- REQUIREMENT -
The lines below starting at the line containing "Kinh nghiệm du" and ending at the line containing "里格顿舞曲钢琴谱-KioooS1" are to be repeated exactly, with both ends kept and nothing else added.

- TASK DATA -

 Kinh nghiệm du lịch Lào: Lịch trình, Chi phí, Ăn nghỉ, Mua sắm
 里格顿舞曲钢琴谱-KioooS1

==

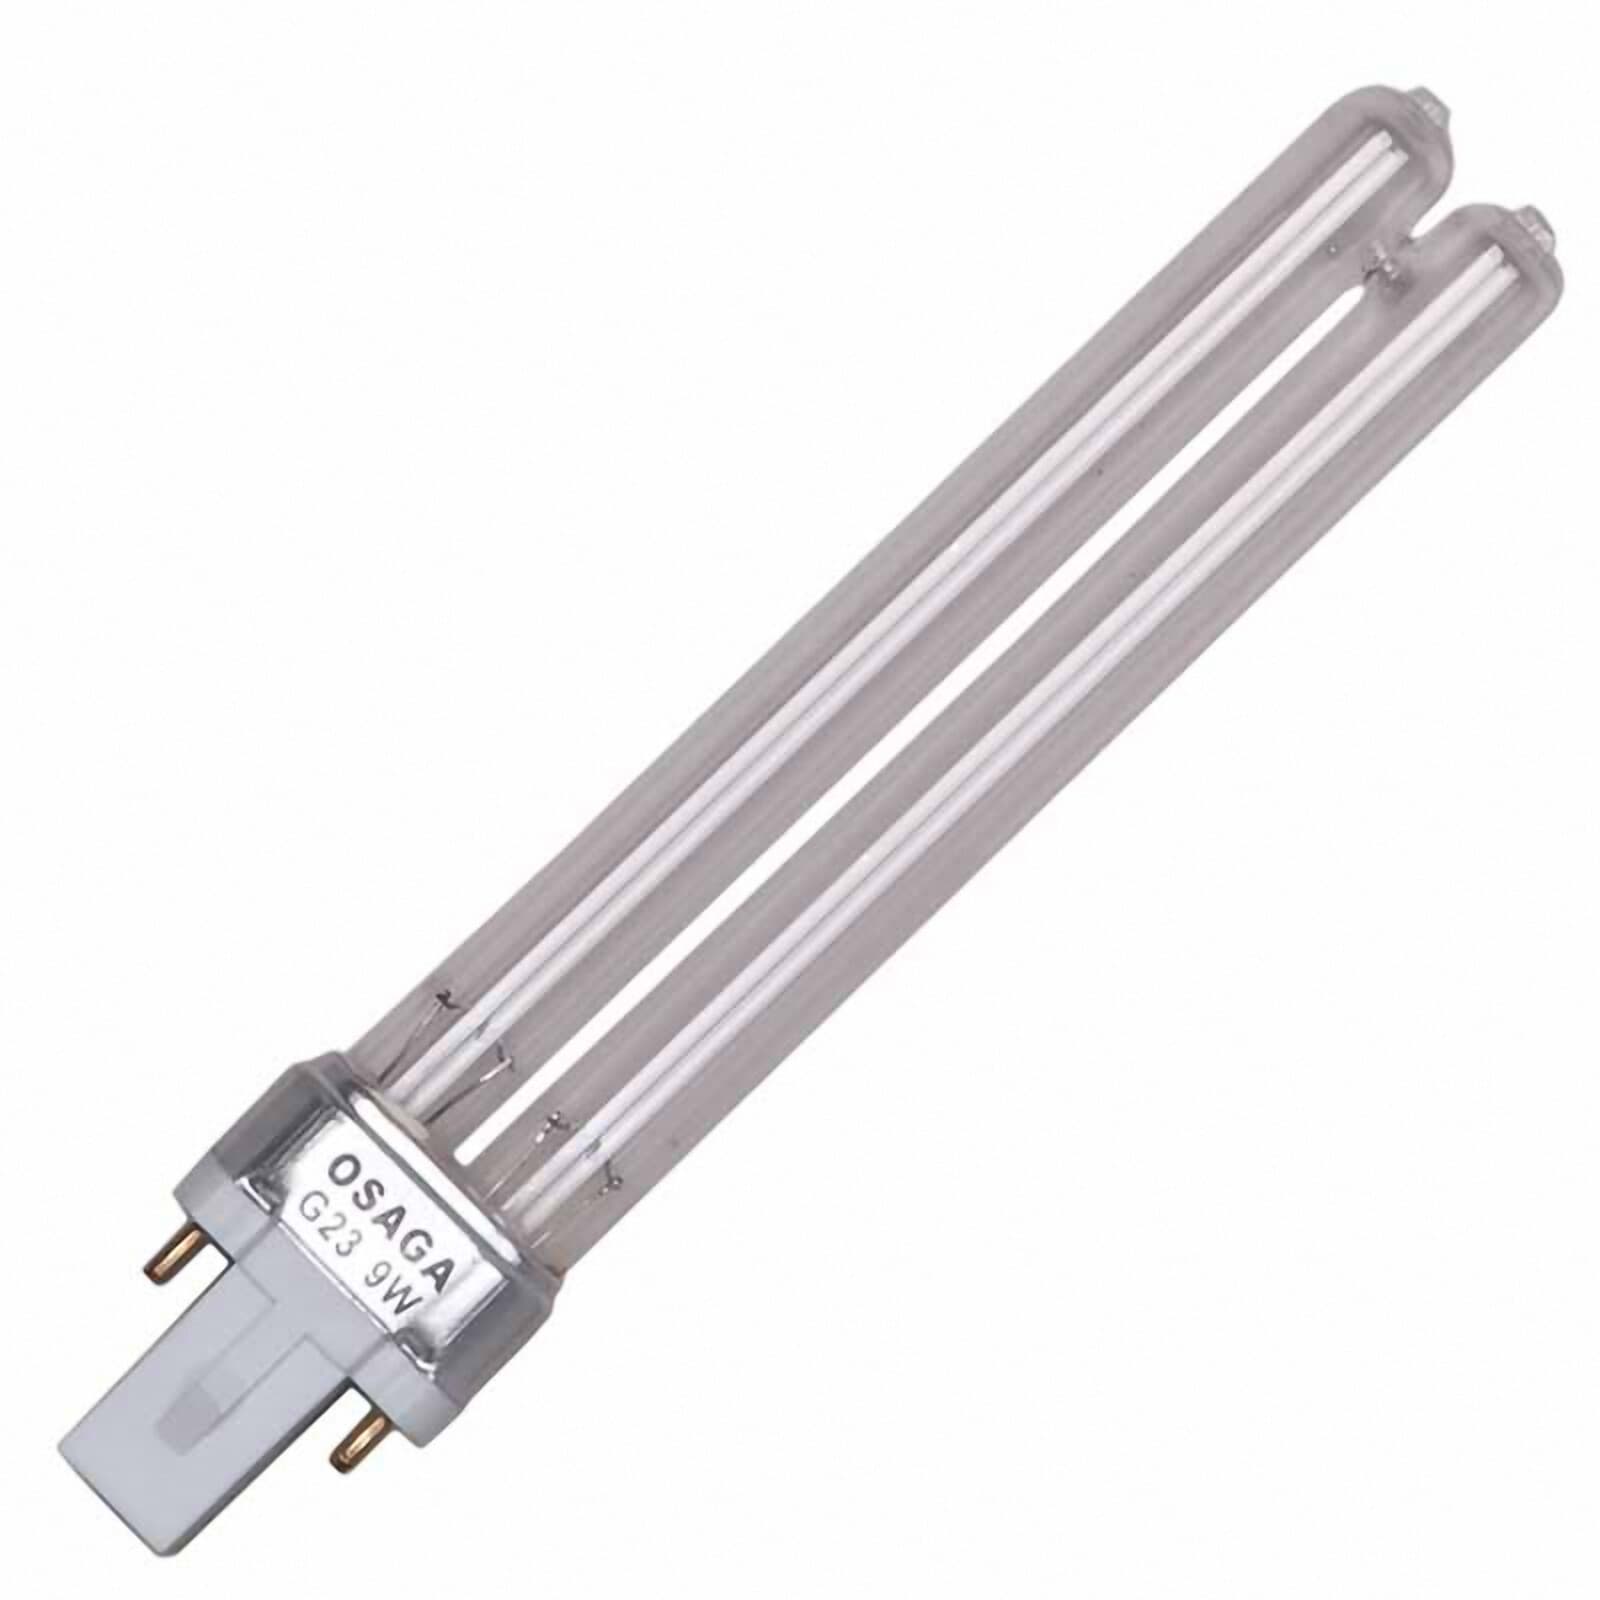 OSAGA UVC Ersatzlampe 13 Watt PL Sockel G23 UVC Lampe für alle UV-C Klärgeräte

- YOUR SOLUTION -
 Kinh nghiệm du lịch Lào: Lịch trình, Chi phí, Ăn nghỉ, Mua sắm
 里格顿舞曲钢琴谱-KioooS1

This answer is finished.